Hani şu ‘kahpe ve kalleş’ 15 Temmuz gecesi var ya…O, günün sonrasında meydanlarda tutulmaya başlanan ‘Demokrasi Nöbeti’’ni yakından takip ediyor, hemen her gece bir başka ilçemizde destek veriyoruz.
Bugün , meydanlardan kısa izlenimlerimi yansıtmak istiyorum..
Dilovası’ndan başlayayım.
Çok net ve açık ifade etmek gerekirse; Dilovası, Dilovası olalı böylesi bir bütünlüğü, coşku ve kenetlenmeyi hiç görmedi. Belediye önünde gerçekleşen nöbette ki muhteşem organizasyon, sunumlar, katılımcıların kararlılığı, belediyenin hazırladığı programlar tek kelimeyle süper. Elbette burada Başkan Ali Toltar’ın emeği, dirayeti çok önemli. Darbe teşebbüsünün özerinden iki hafta geçti, bu sürede Ali Toltar hiç uyudu mu, merak ediyorum. Zira o ve ekibi tabiri caizse , gece gündüz nöbetin başını çekiyorlar. Tabi Başkanı Osman Akbulut ve yönetiminin haklarını da teslim etmek gerekir.
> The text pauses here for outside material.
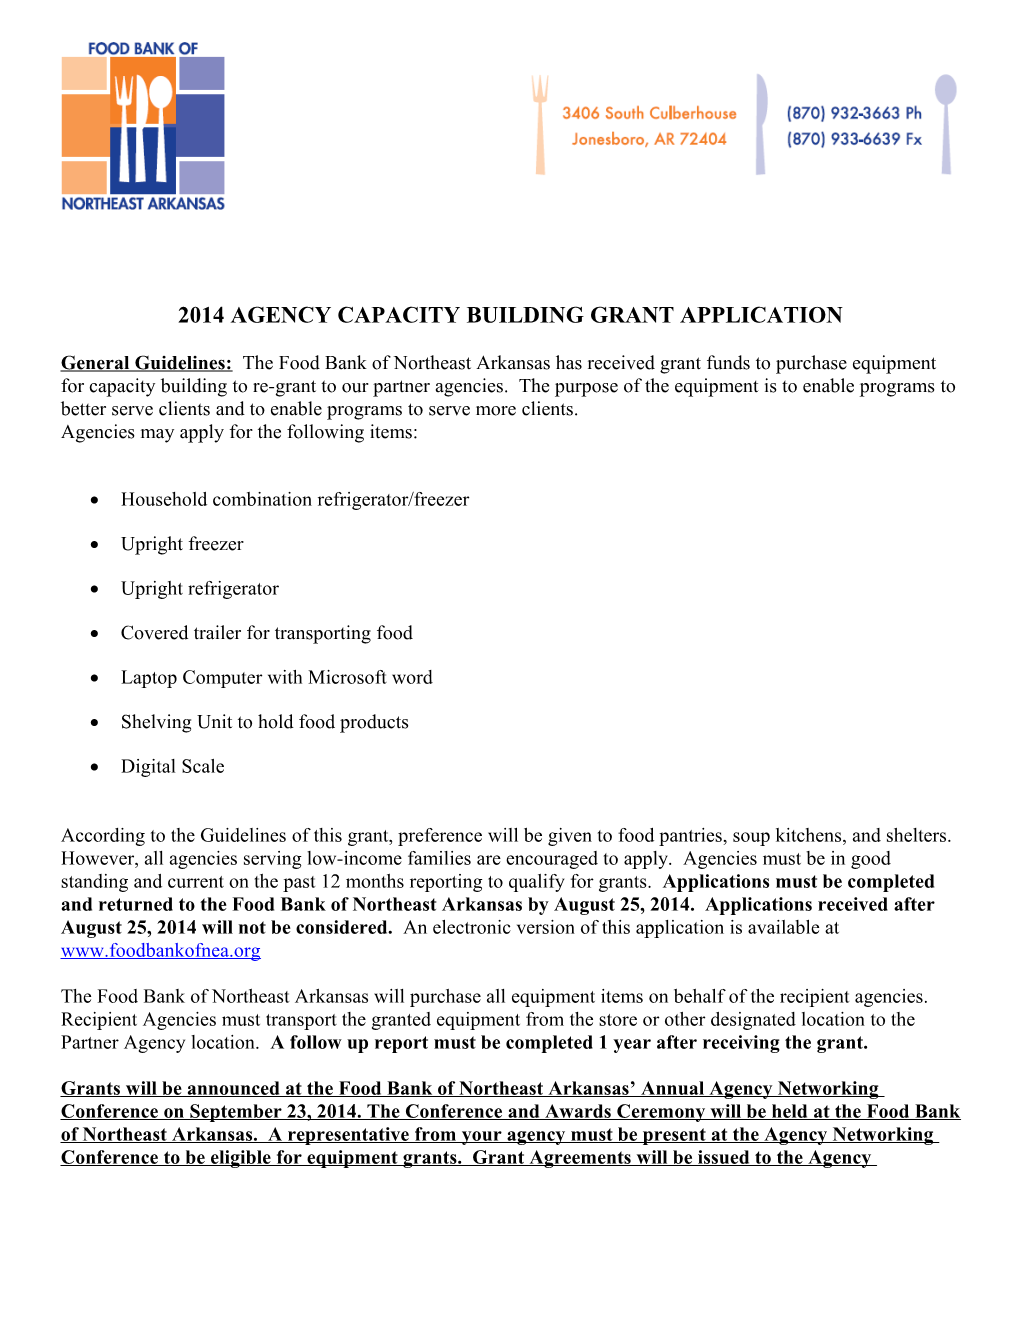 Arkansas Foodbank Network Grant Application

Dilovası’nda nöbet tam bir görsel şölen. Erkekler ve kadınlar için kurulan ayrı platformlar, barkovizyondan yapılan gösteriler, insanların topluca namazlarını eda etmesi ise nöbetlere çok daha fazla anlam yüklüyor.
Şükrü Karabacak’ın Darıca’sına gelince..
‘Keşke’’ diyor insan, ‘’keşke Darıca Cumhuriyet Meydanı zamanında biraz daha büyük yapılsaymış.’’ Gerçi Karabacak’ta haklı. Bir gün meydanın demokrasi nöbetleri için nokta olabileceği hiç akla gelmezdi ki. Çünkü Darıca’nın neredeyse tamamı her gece orada. Her gece vatandaşlara ikram edilen Osmanlı şerbetinin yanında, darbecilere ‘Osmanlı tokadı’ nasıl atılırmış, Darıca’daki coşku gösteriliyor.
Gebze’ye yönelik notumu biraz uzun tutacağım.. Tutmamız gerekiyor.
Önceki gece Gebze Belediye Başkanı Adnan Köşker ile birlikte Kent Meydanı’na yürüdük. Sergi Sarayı’nın önünden meydana yürümeye başladığımızda hissettiklerim, gördüklerim anlatılacak gibi değil.
Geçirdiği iki yerel seçimi bir tarafa bırakalım, ilk kez Köşker’in böylesi bir yoğun sevgi seli ile karşılaştığına şahit oluyordum. Köşker’i gören herkes yanında olmak, el tutmak, fotoğraf çekilmek, sohbet etmek, dertleşmek için sıraya giriyordu adeta. Bir belediye başkanı bu denli mi halkıyla bütünleşebilirdi, görmüş olduk.
Bir iki fotoğraf yansıtayım…
Mesela Çamlık parkı içinde Gebzespor çadırı var. Orada nöbet tutan çok sayıda taraftar-futbolcu Köşker’i görünce davet ettiler. Kardeşlik, barış, ülke sevdası dedikleri sıcaklık ve Köşker’i sahiplenme o çadırda kendini gösteriyordu.
Meydanın içinde kurulu bir platform var. Yan tarafında misafirler, yöneticiler oturuyor. Platformun önü meydana bakıyor, konuşmalar buradan yapılıyor. İğne atsanız yere düşmeyecek bir kalabalık seli kaplamıştı meydanı. Çamlık parkı dolu, cafeler etrafı dolu, meydan zaten ana baba günü. Dikkatimi çeken bir ayrıntıyı da aktarayım; O gece sayıları yüzü bulan Suriyeliler ellerinde bayraklarla kalabalığa karıştılar. Türk ve Suriye bayraklarıyla Türkiye lehine sıloganlar atıp Cumhurbaşkanı Erdoğan’a destek veriyorlardı. Bir ara Köşker’le karşılaştılar, o görüntü anlatılamaz işte. Kendi babalarını görmüşçesine Köşker’e sarıldılar.
Tüm bunlar olup biterken us’umda farklı düşünceler cereyan ediyordu. Son günlerde yine Köşker aleyhine düğmeye basan fırsat simsarlarının oluşturmak istedikleri algı operasyonları. Hani Köşker’i cemaat yapılanmasının içine sokmak isteyen üç-beş kişi var ya, onlara sadece ‘’siyasi fesat, çekemez, iftiracı’’ demek doğru olur. Bu konuyu gelecek yazımda ayrıntılarıyla işleyeceğim.